It's like the Reduced Shakespeare. Only instead of imagining that we need to know what happens as quickly as possible at the expense of the texture of the play, imagine that the characters know that they are in a movie.
Cooper: So...how many planets are we visiting?
Cooper: Okay, so we know that the third will be okay, because it's not that kind of movie. So let's go there.
Romilly: But that would drastically curtail the proleptic irony.
Cooper: Oh, right.
Doyle: So, what's on the first planet?
Romilly: We can assume it's bad. Where is it?
Doyle: It's orbiting that gigantic black hole.
Brand: That should be a clue, people! Anything down there will be subject to a massive tidal pull. And physical obstacles are stark and best to encounter up front, rather than more subtle character-based obstacles.
Cooper: Okay. Maybe we can get away with discussing why not to go there for some time. Or maybe just a few of us will go down. Doyle, come with me, because you have to die first: you have a beard and we don't know anything about your back story.
Romilly: Remember that we're also trying to avoid the blatant racist form where the black guy gets killed first.
Doyle: Good point!
Brand: And that will give me and Cooper a chance to have a fight that prepares the way for our eventual fusion.
Cooper: So...the first planet is physically very bad news. Which means that...
Brand: The second one will be bad news psychologically.

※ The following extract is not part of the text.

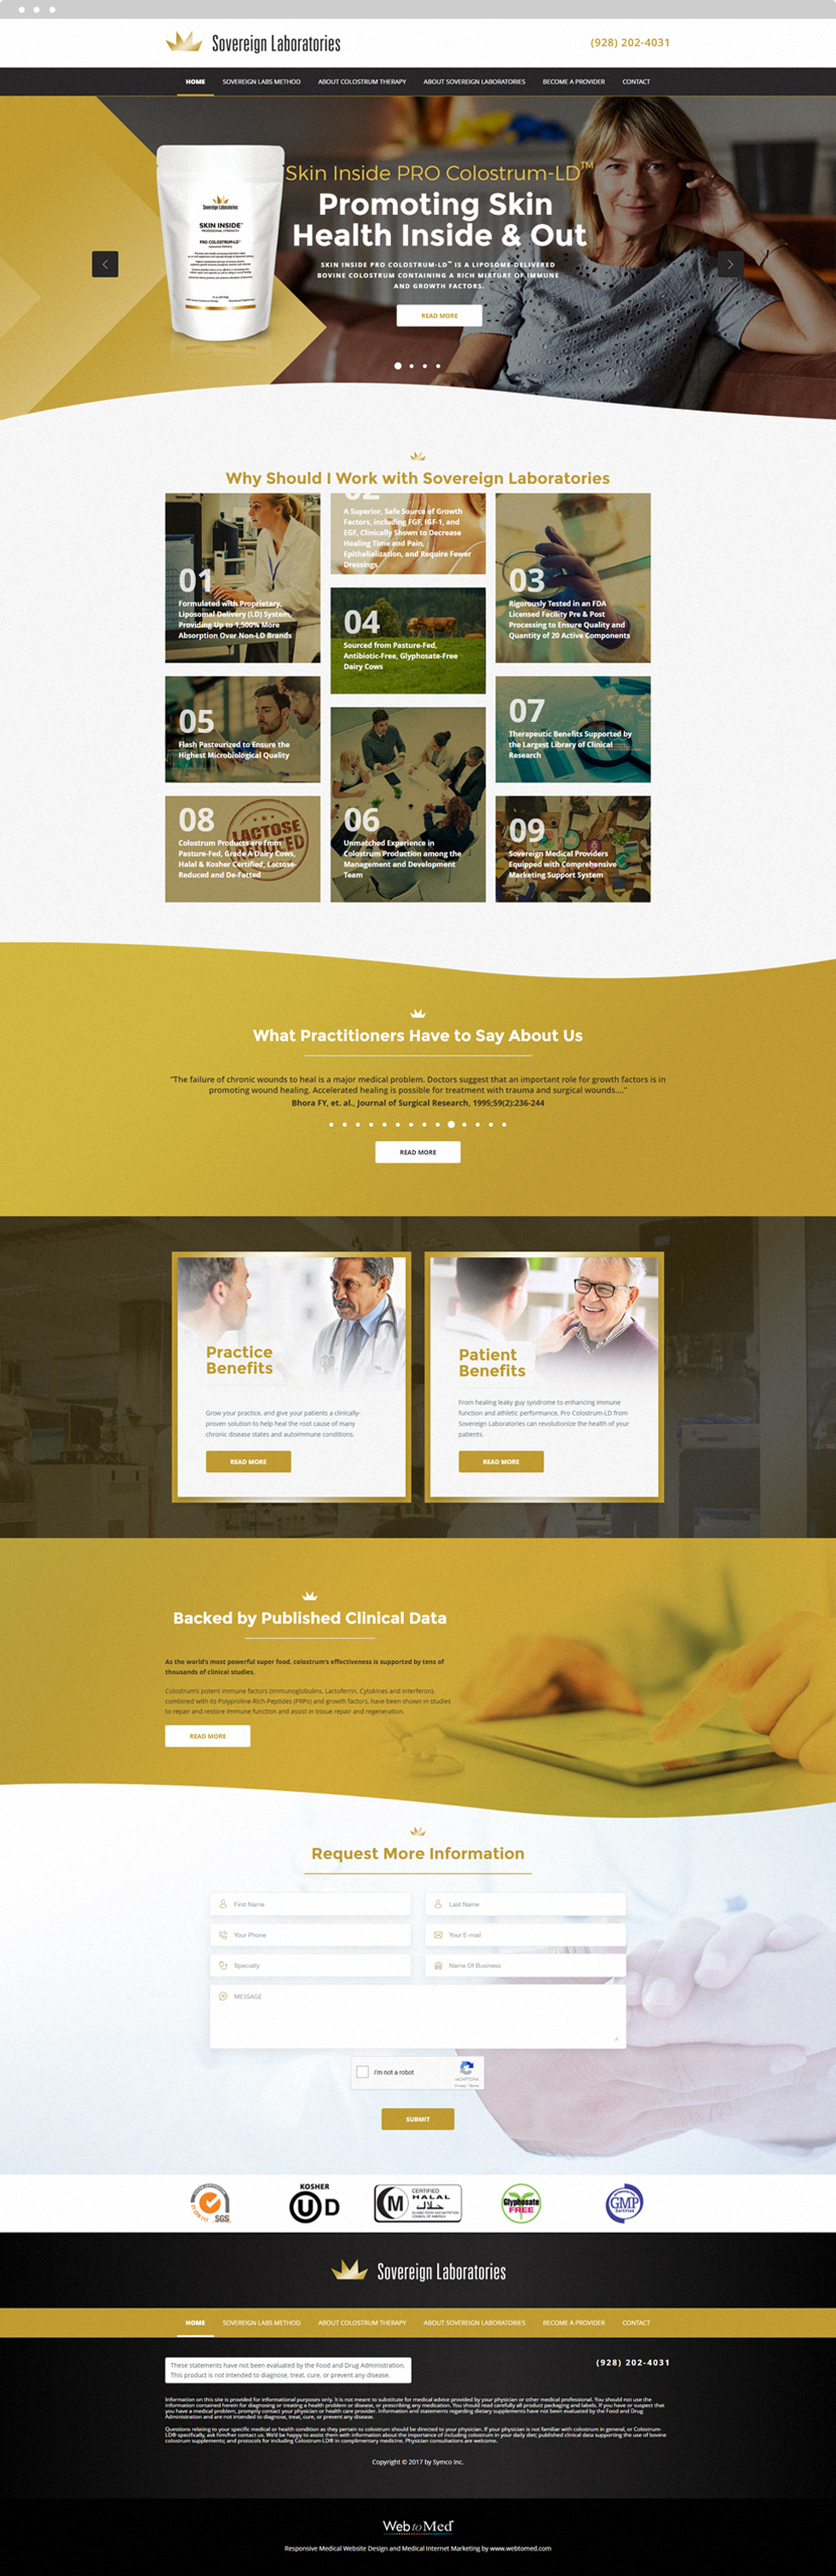 Medical Products Website Design - Sovereign Laboratories - Homepage

Cooper: Exactly! Okay, that means someone is going to try to kill us or drastically thwart us. Who's down there?
Doyle: Matt Damon.
Cooper: Is this Good Will Hunting?
Cooper: So we can assume it's evil Matt Damon. Goddammit. Why did it have to be evil Matt Damon? He's gonna kick my ass. Romilly, I'm sorry--because we already know this is a love story and because Brand and I have exchanged barbs early on enough in the movie to convince us all that we will eventually fall in love, I'm afraid you are the one whom evil Damon will kill. DE-tach!